Воздаяние

Таисия Фурманова
      Петька был мамкиным любимчиком. Из всех детей, а их у Петькиной матери было четверо, его она больше всех жалела. Он родился недоношенным, крошечным, чуть больше рукавицы-шубенки, и поэтому его мамка укутывала для тепла в пуховый кроличий платок и кормила так часто, как Петька просил. Так и вырастила его в здорового красивого парня.

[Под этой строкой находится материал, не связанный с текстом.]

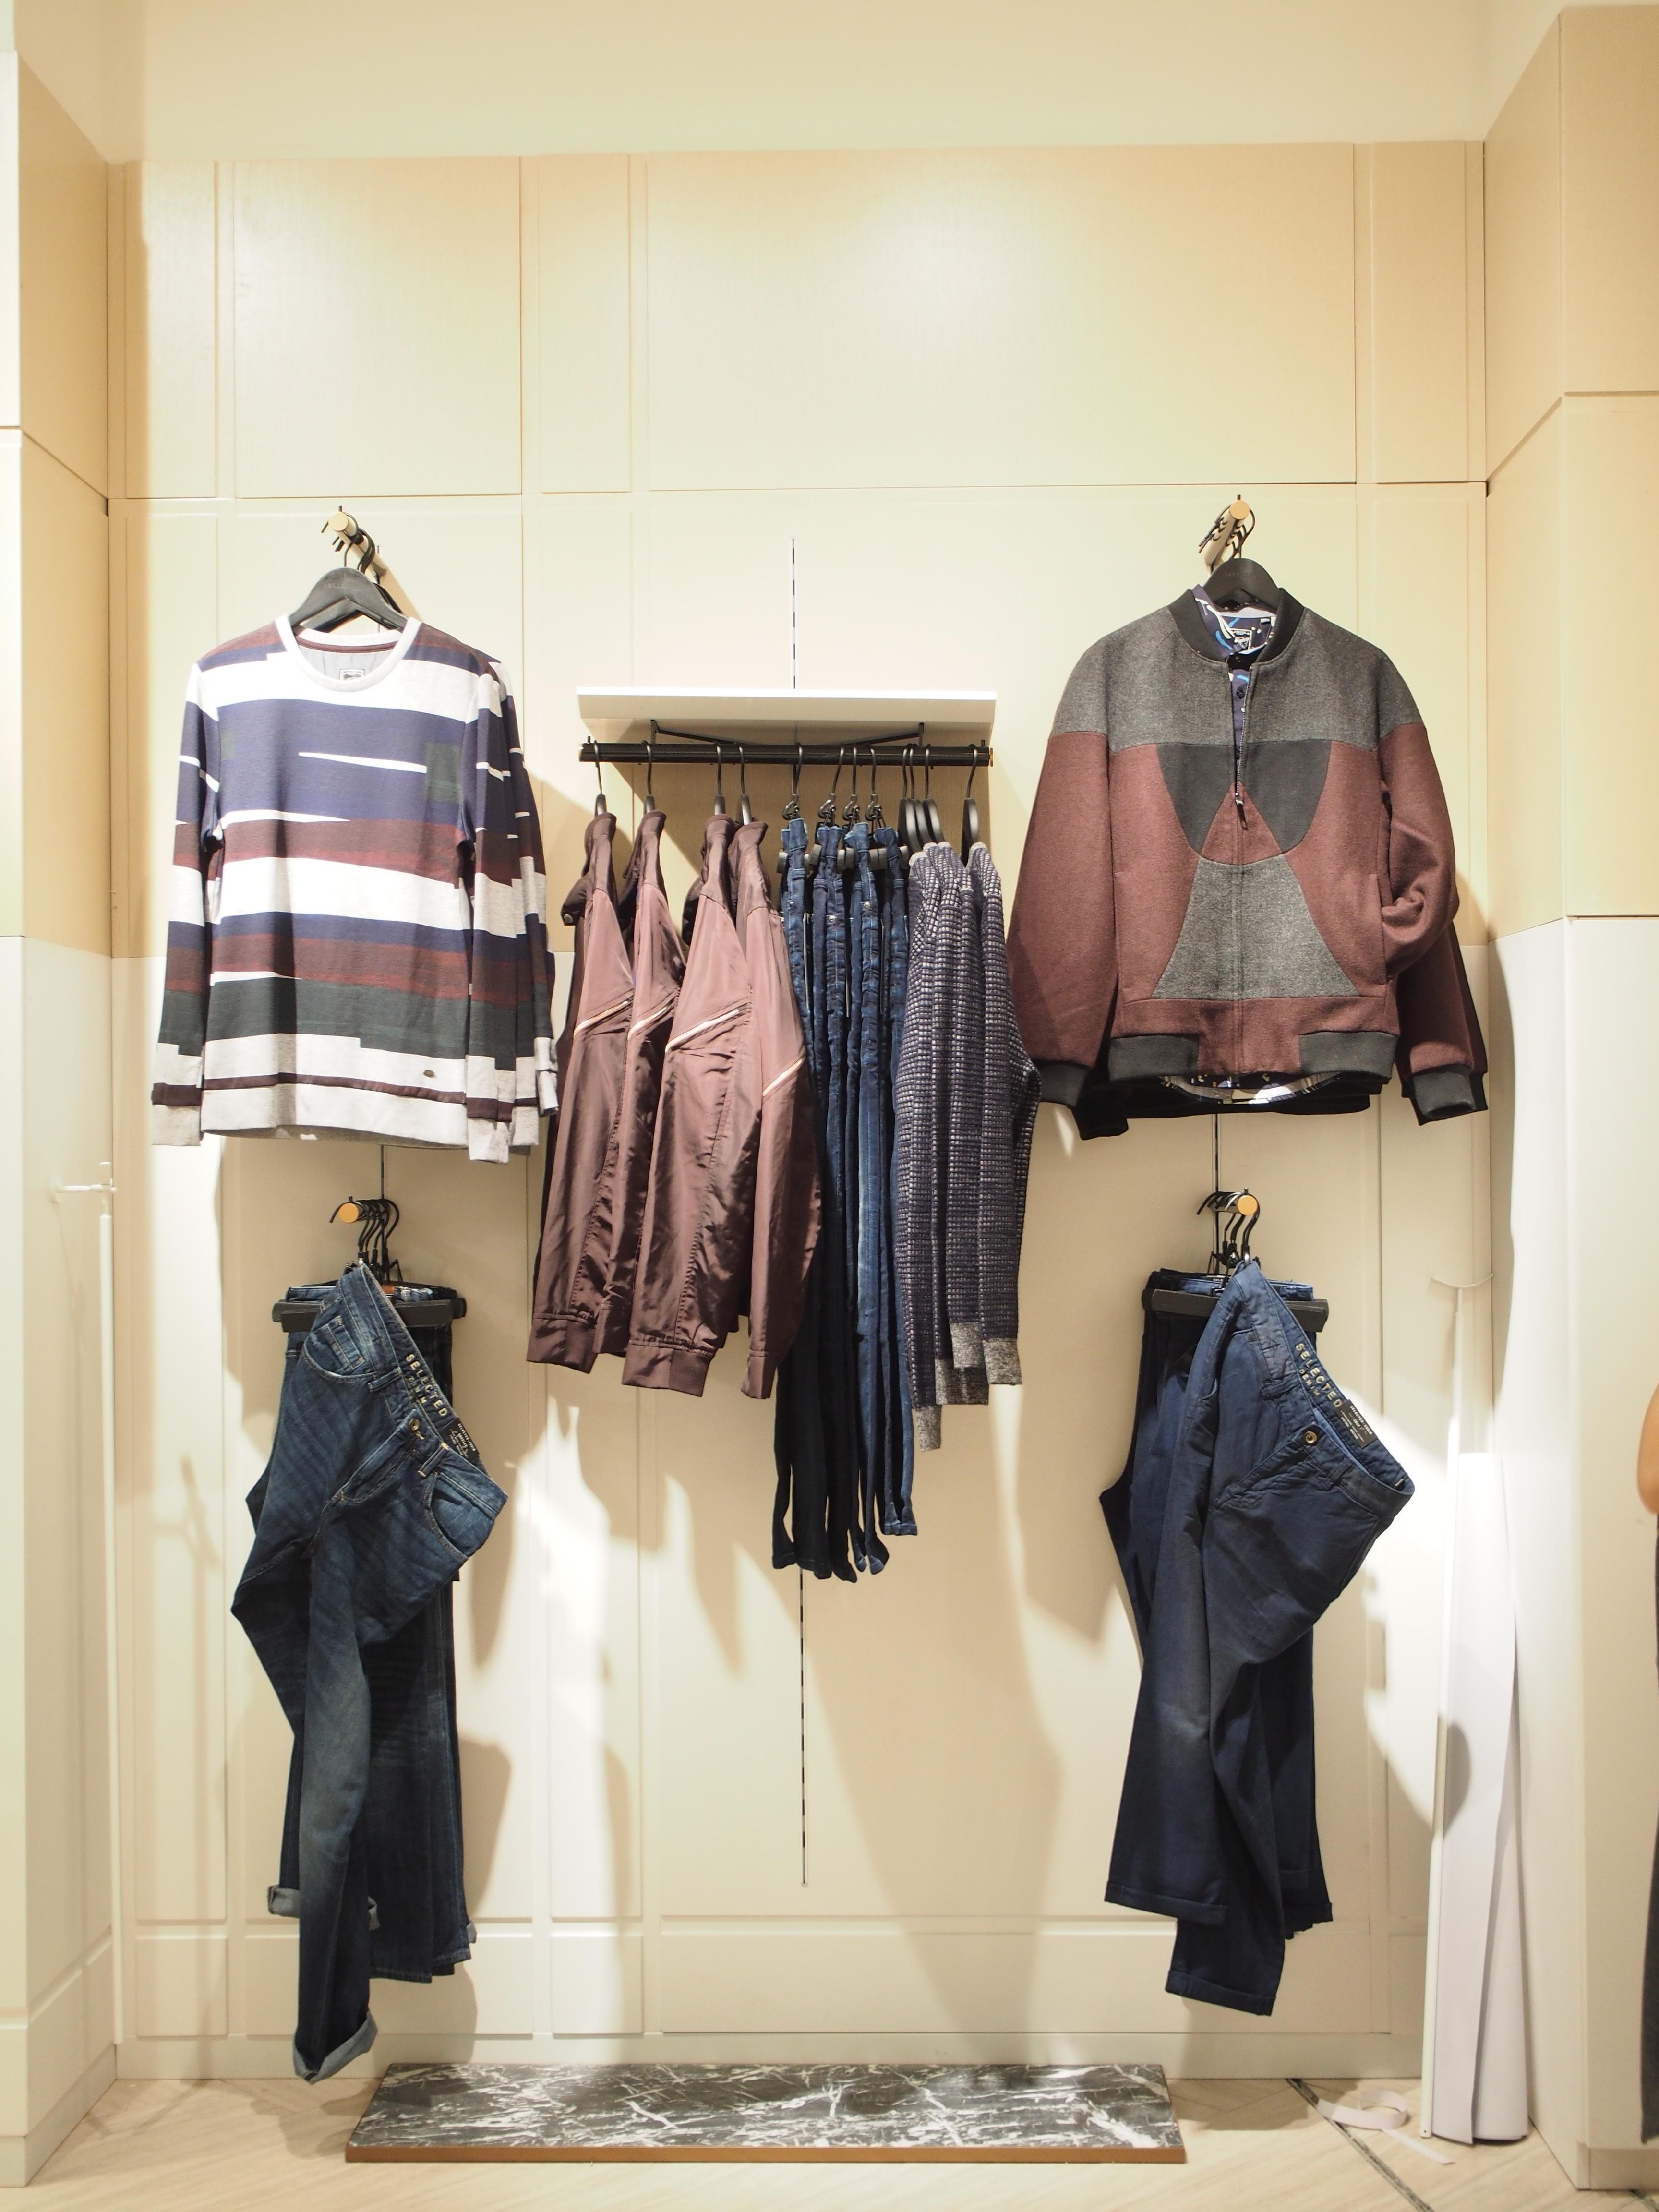 Fotos gratis : masculino, tienda, Moda, ropa, mueble, habitación ...

      Петька отличался изрядной ленью. Если и занимался каким-либо делом, то только тогда, когда ему самому этого хотелось, или когда было выгодно. Матери помогать он не любил и, при любой возможности, старался увильнуть от работы, сбежав от матери и братьев с сестрой. Петька шлялся по деревне, засунув руки в карманы широких штанов, пинал камни и искал, где бы по-быстрому зашибить деньгу. Чаще всего это была работа грузчика, потому что, на что-то более серьезное, у Петьки не хватало терпения. Время от времени мать хватала в руки что ни попадя, и лупила Петьку сразу за все проделки, на которые он с детства был горазд.
 
      Еще с раннего возраста у Петьки была тяга к технике. Ему нравилось возиться с мотоциклами, моторами и тому подобной «железо-мазутной ерундой», как говорил старший Петькин брат – положительный и скучный Игорь. Оба брата были старше Петьки и частенько, когда не видела мать, поколачивали его.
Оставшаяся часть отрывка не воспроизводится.